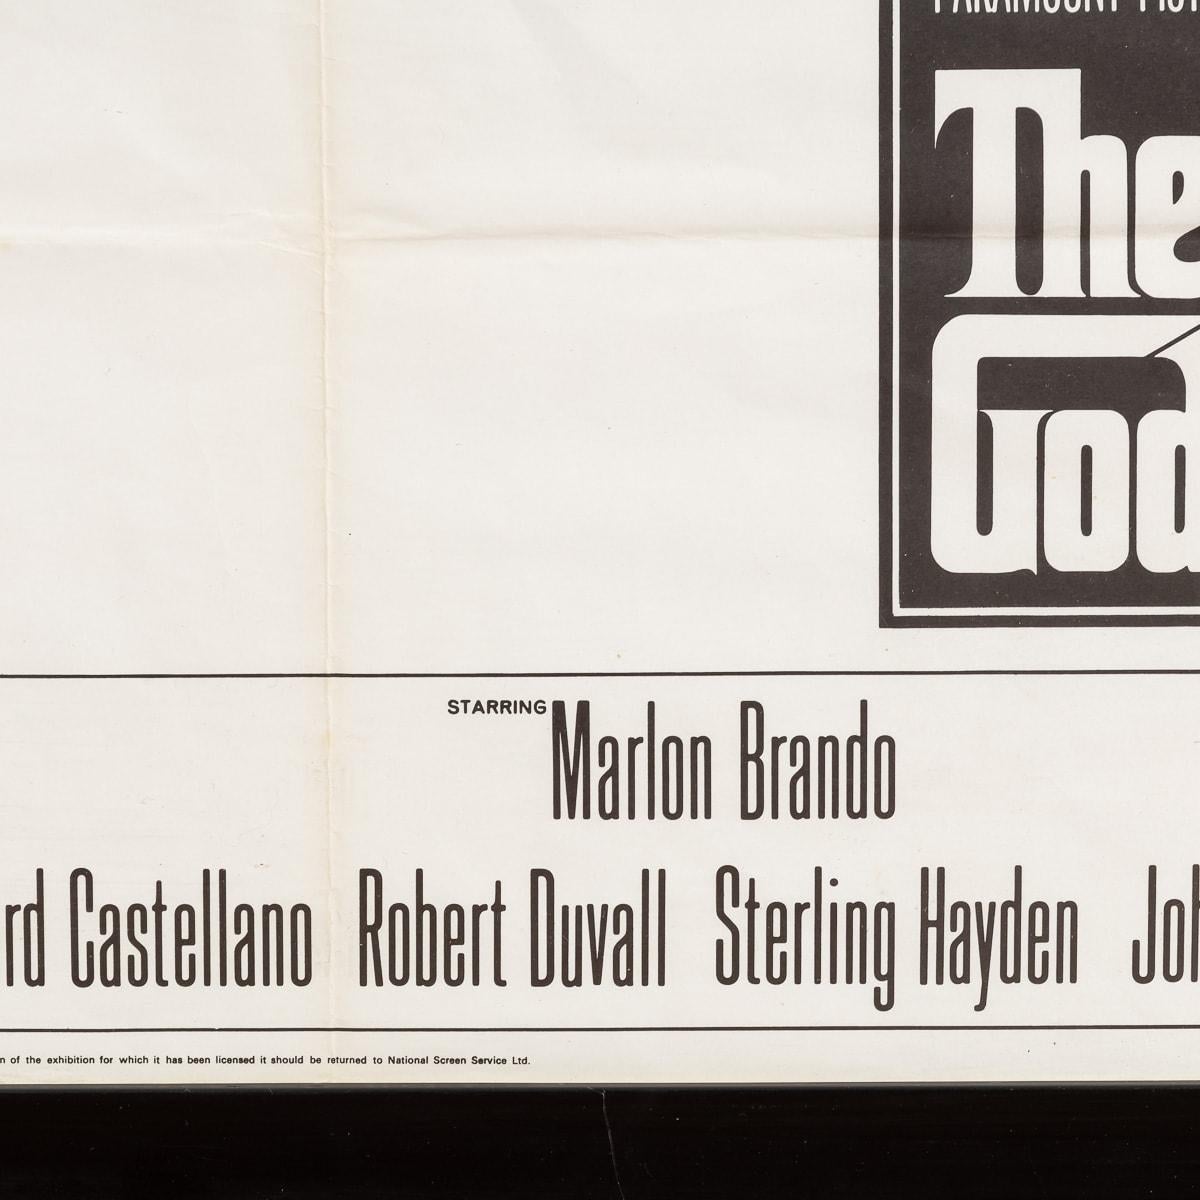 the godfather original movie poster
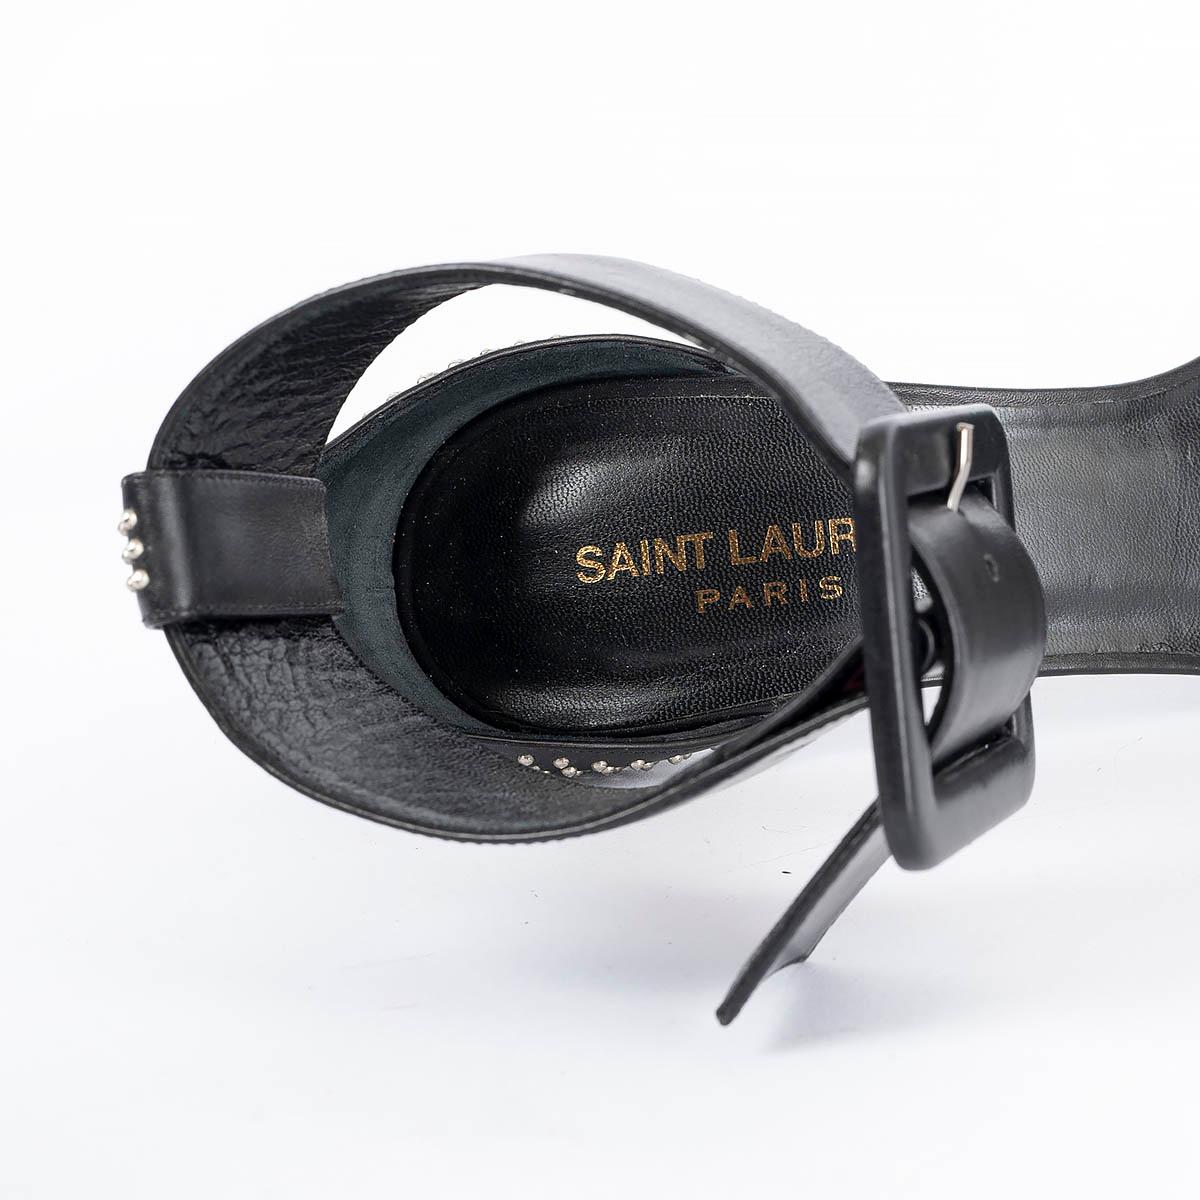 SAINT LAURENT black leather JANE 106 STUDDED Sandals Shoes 38 For Sale 1
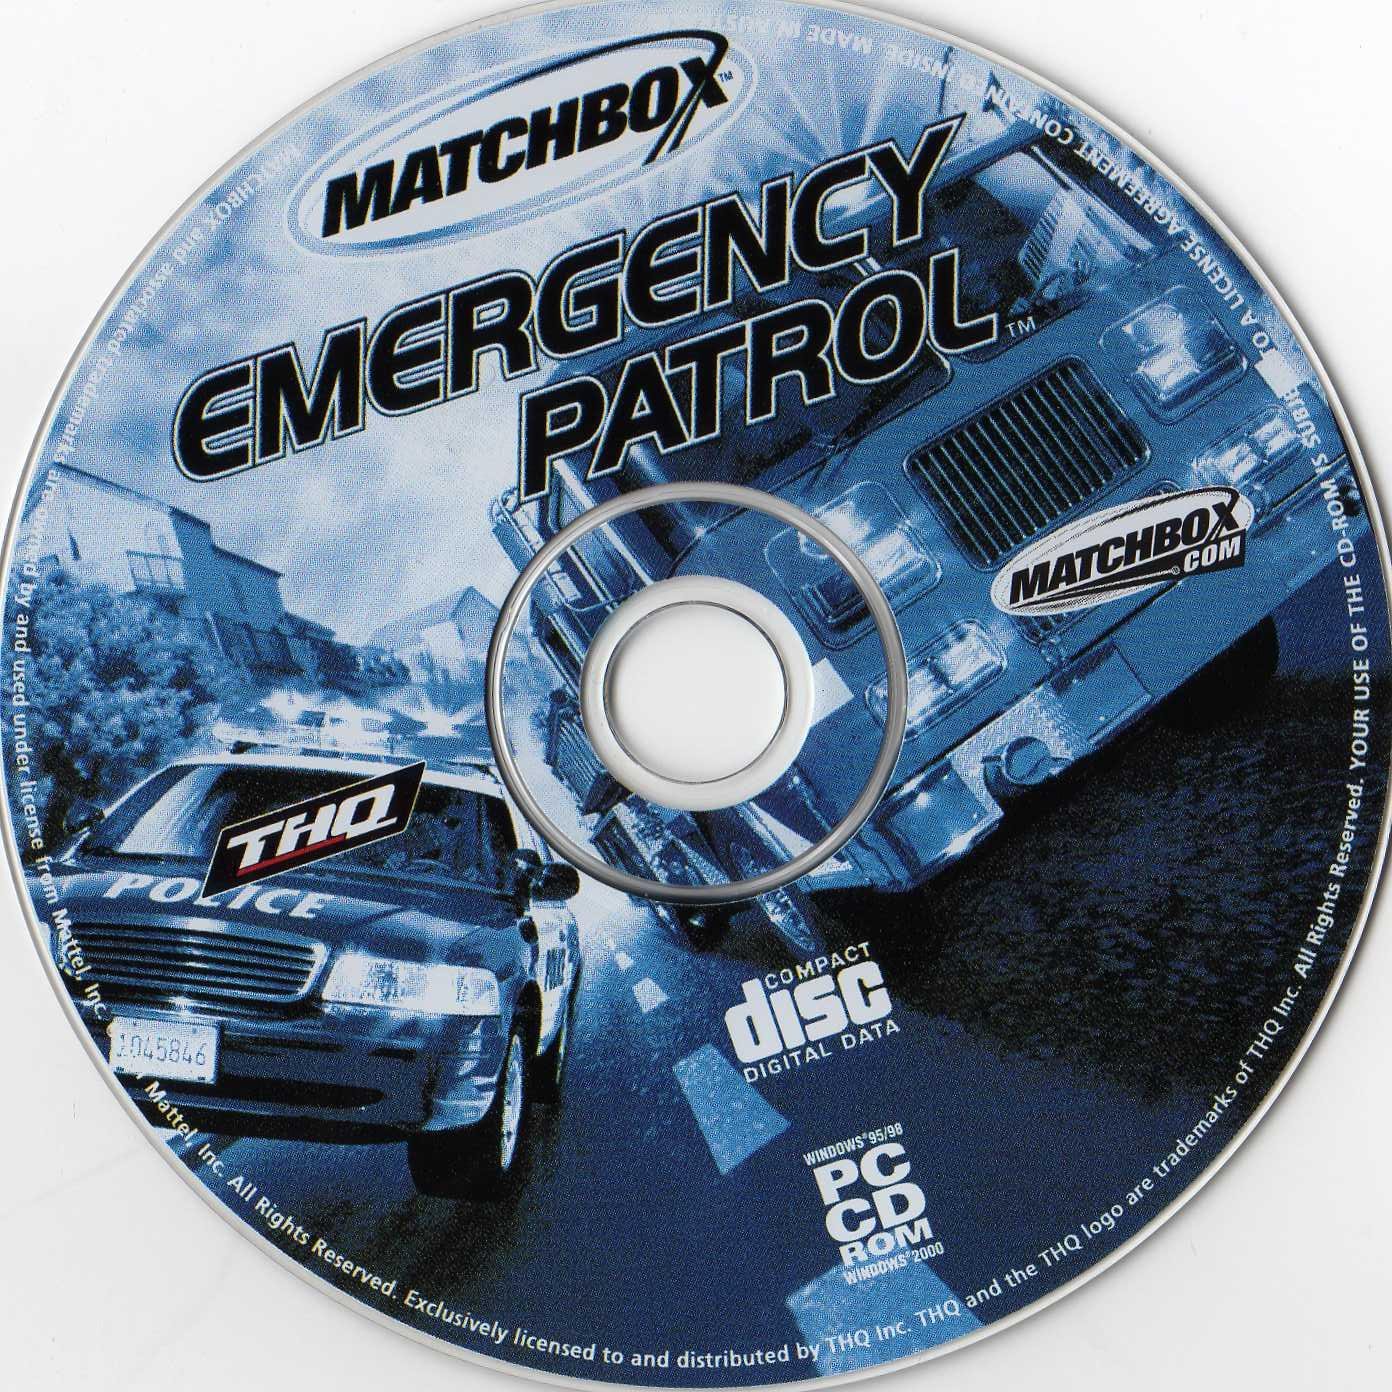 Image of Matchbox Emergency Patrol
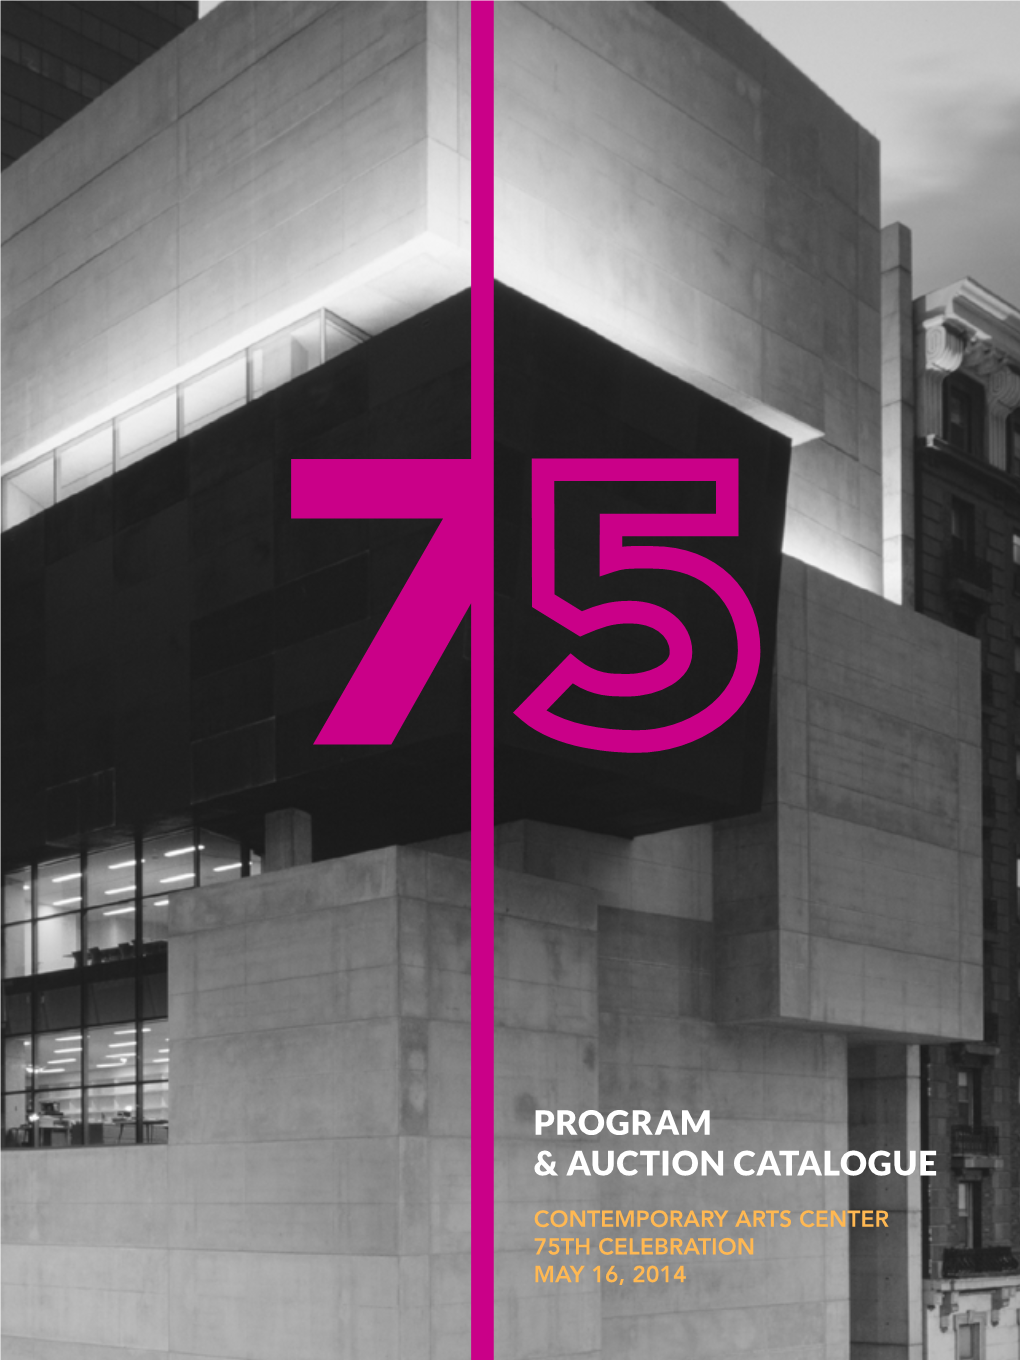 75Th Anniversary Program & Auction Catalogue

### ACTION ITEM
Give back all the data exactly, minus pictures.

### FINAL ANSWER
 the godfather original movie poster
 SAINT LAURENT black leather JANE 106 STUDDED Sandals Shoes 38 For Sale 1
 Image of Matchbox Emergency Patrol
 75Th Anniversary Program & Auction Catalogue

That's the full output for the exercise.